Unless you are going for the “total shock to the system” jump in and jump out. You really need to get your body used to the water temperature and have your muscles not be tensed up and have your breathing under control. So here are the steps I take (weather permitting a brief video will later be added to this post).

Starting Out

  1. Wade into the water about top-of-the-thigh deep, you can do this in as many smaller steps as you like, though I find a certain deliberateness helps you to commit to the task at hand.
  2. Once you feel a certain level of adjustment I will wade in to about hip deep.
  3. At this point, I start scooping water up with my hands and rubbing first my arms, my chest, my shoulders and back, then my neck and face. I repeat this a few times, the goal is to knock down your skin temperature a bit to minimize the difference between it and the water, this will reduce shock you go through when you become totally immersed in the water.
  4. I then bend at the knees and immerse myself chest deep, then shoulder deep, then over my head, usually I do this in three brief plunges, again this spreads out the shock to the system.
  5. I make a note of my breathing at this point, I either repeat the last few steps, if I am still wanting to hyperventilate, or if my breathing is controllable, I will start my swim.
  6. When I start my swim, I start out deliberately slow, you want you heart rate to slowly come up and you muscles to loosen up.
  7. After two to three minutes, the perception of the water being uncomfortably cold, will fade and you can continue your swim in relative comfort.

During the Swim

  1. Depending on water temperature, your particular physiology and how you feel that day, your endurance in the water will vary It is initially helpful to either swim with someone with a pace you are familiar with, or to swim in the lane area. You will start out close to your normal pace, but I found, as the water dipped into the 50’s my pace would slow down, from a two minute lap time to three minutes.
  2. Cold limbs, my legs and feet would start to go numb after 30 minutes and I could slowly feel it work its way up into my calves. My goal, when swimming in the lane lines was to complete the equivalent distance of to the rock pile and back (1600 yards).
  3. Since most of my swimming that winter was solo and in the lane lines, I never pushed myself to the point of actual hypothermia. When starting out, it is advisable to not push youself too hard, but to develop a feel for you body and its limits.

After the Swim

  1. Twenty of thirty minutes in 58 degree water is going to lower your core body temperature, period. It will take a surprising amount of time to get your core temperature back up. There are two ways to get heat back into you, internally and externally.
  2. Externally, hot shower, sauna, steam room, hot tub, warm bath, etc. By the way, non of these are available at Shadow Cliffs, so you will need to plan accordingly, warm clothes and the car heater set to full blast are your immediate solution.
  3. Internally, warm drinks, more warm drinks, muscle activity, shivering come to mind, but biking or running also work, but hey, I’m a swimmer legs are for walking into an out of the lake. Seriously though, some jogging, running or biking do help quite bit.
  4. How long until I feel warm? For me it is about 2:1, so half and hour swimming means warming back up with a combination of the items listed above, for an hour. Even then, I can easily get a chill several hours later in the day. Again, it might be different for you.

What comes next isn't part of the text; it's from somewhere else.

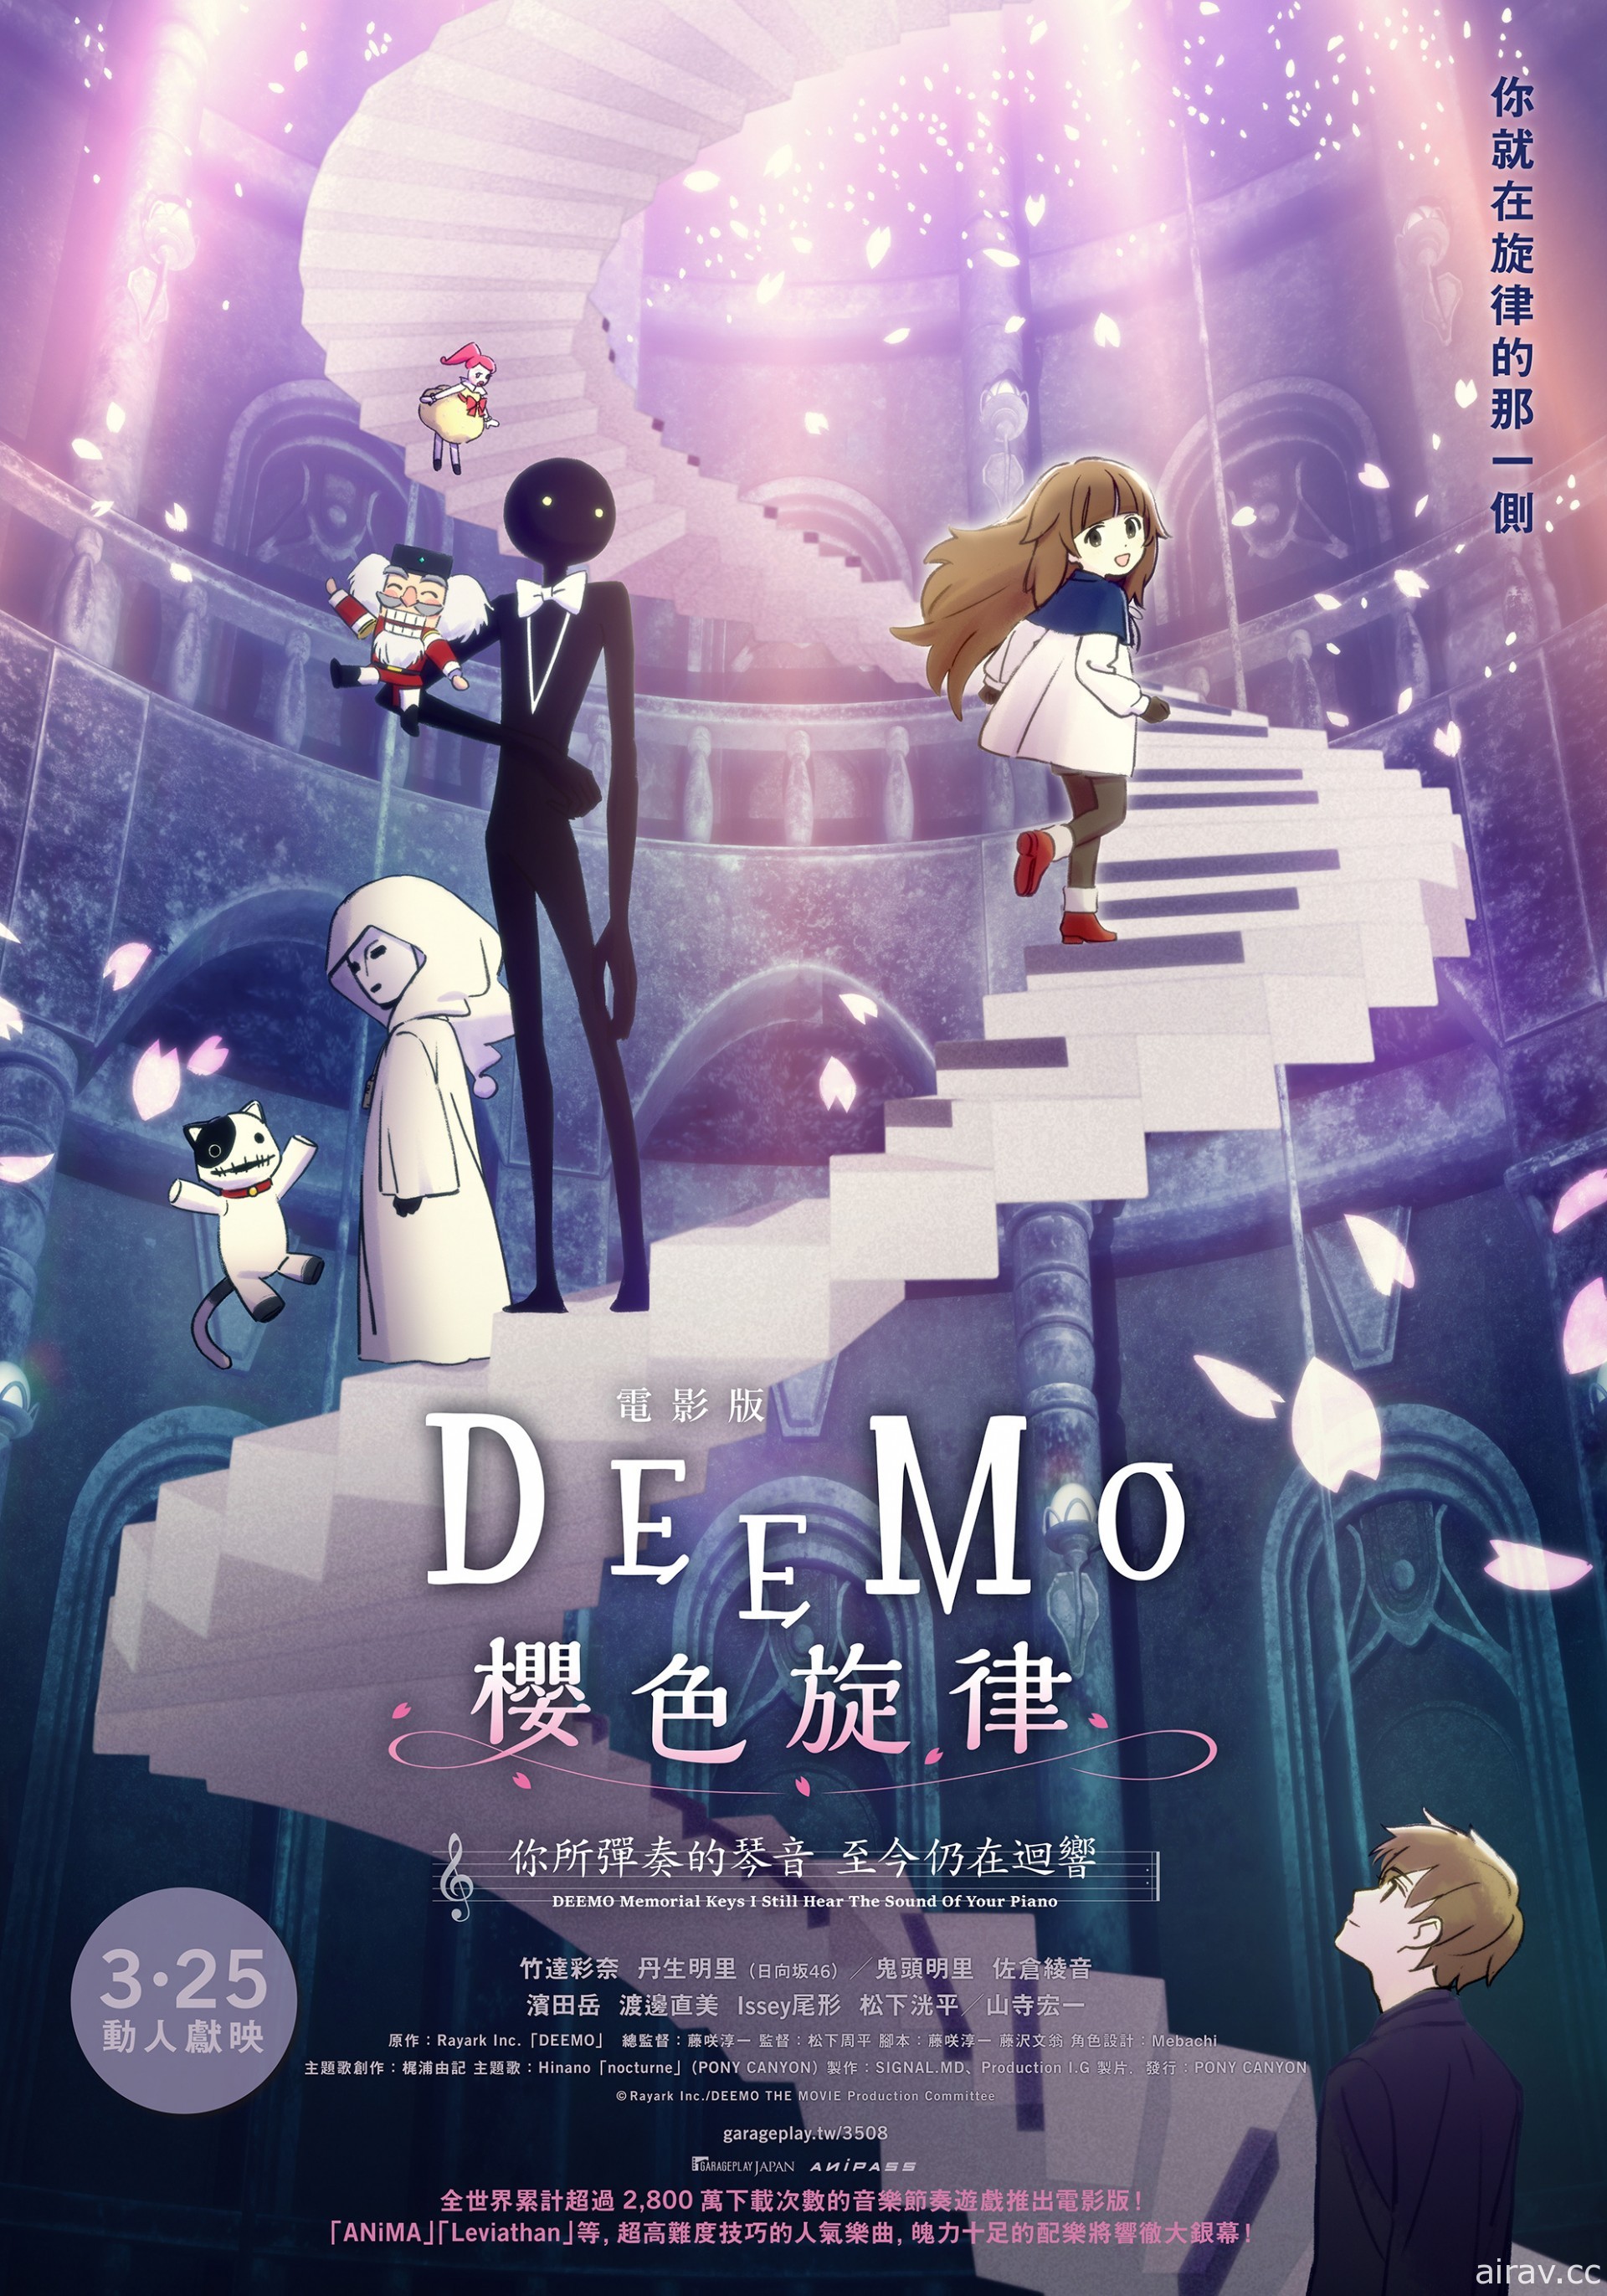 《电影版 DEEMO 樱色旋律》本周上映 周末将办会员特别场
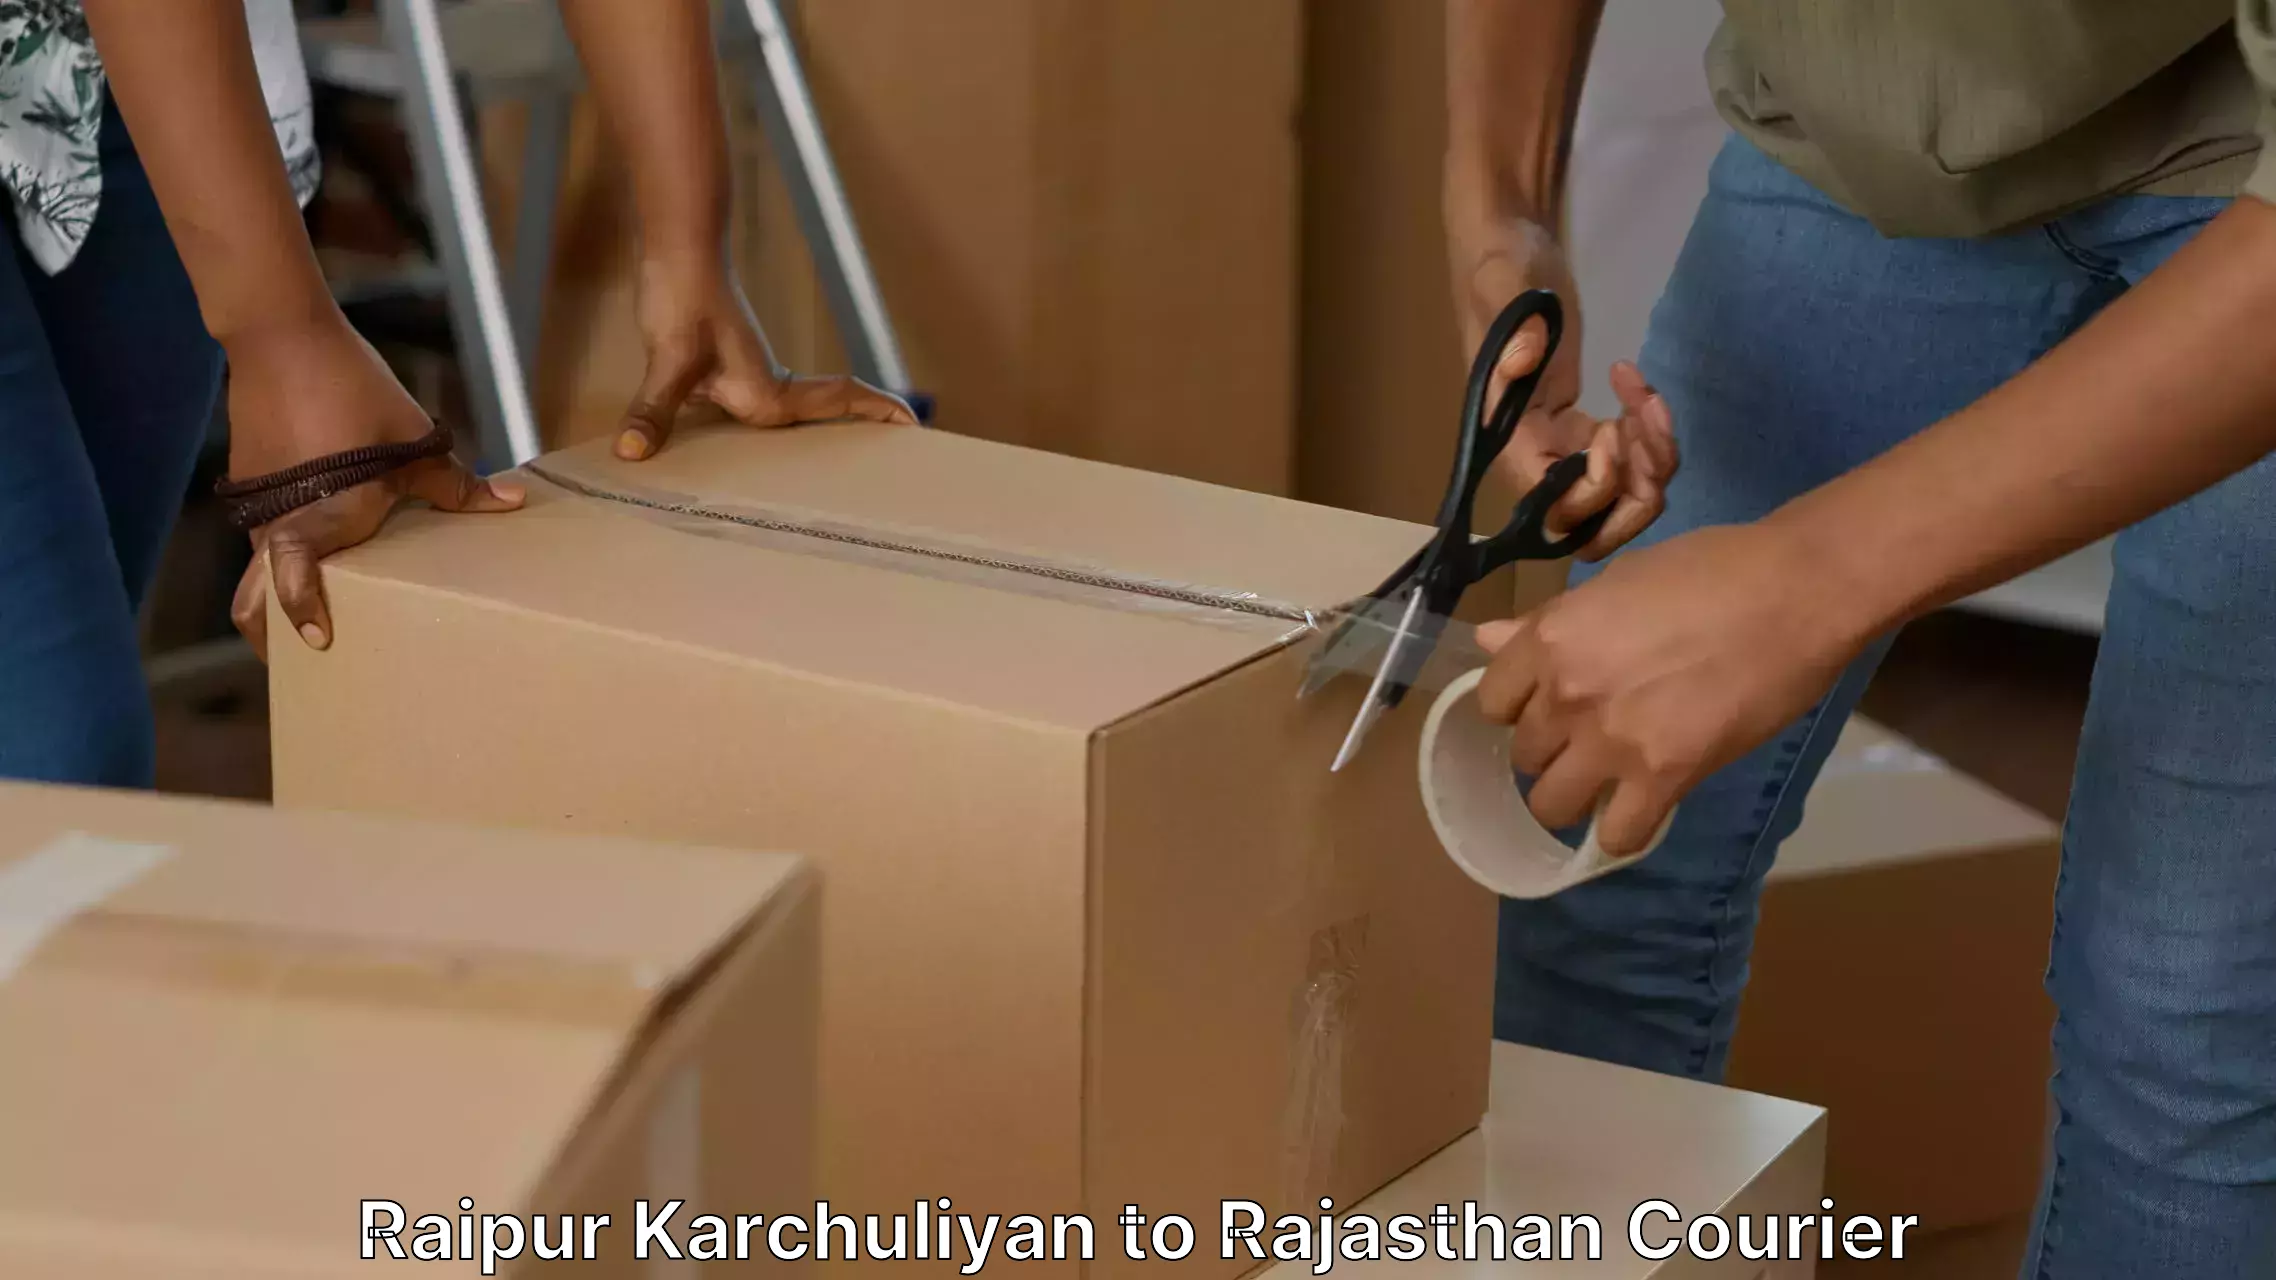 Furniture moving and handling Raipur Karchuliyan to Phalodi

Is it worth it? Having had a Quintana Roo wetsuit I truly loved using, I can still say, not needing a wetsuit is even better. I have enjoyed swimming in lakes in the Sierra’s that I came across unexpectedly, I enjoy the Pacific Ocean at the beach as much as I enjoyed the Jersey Shore as a kid (a solid 15 degree difference). I am liberated from the need for a wetsuit. I no longer have the psychological need for its body-armor like feel. It is just the water and me.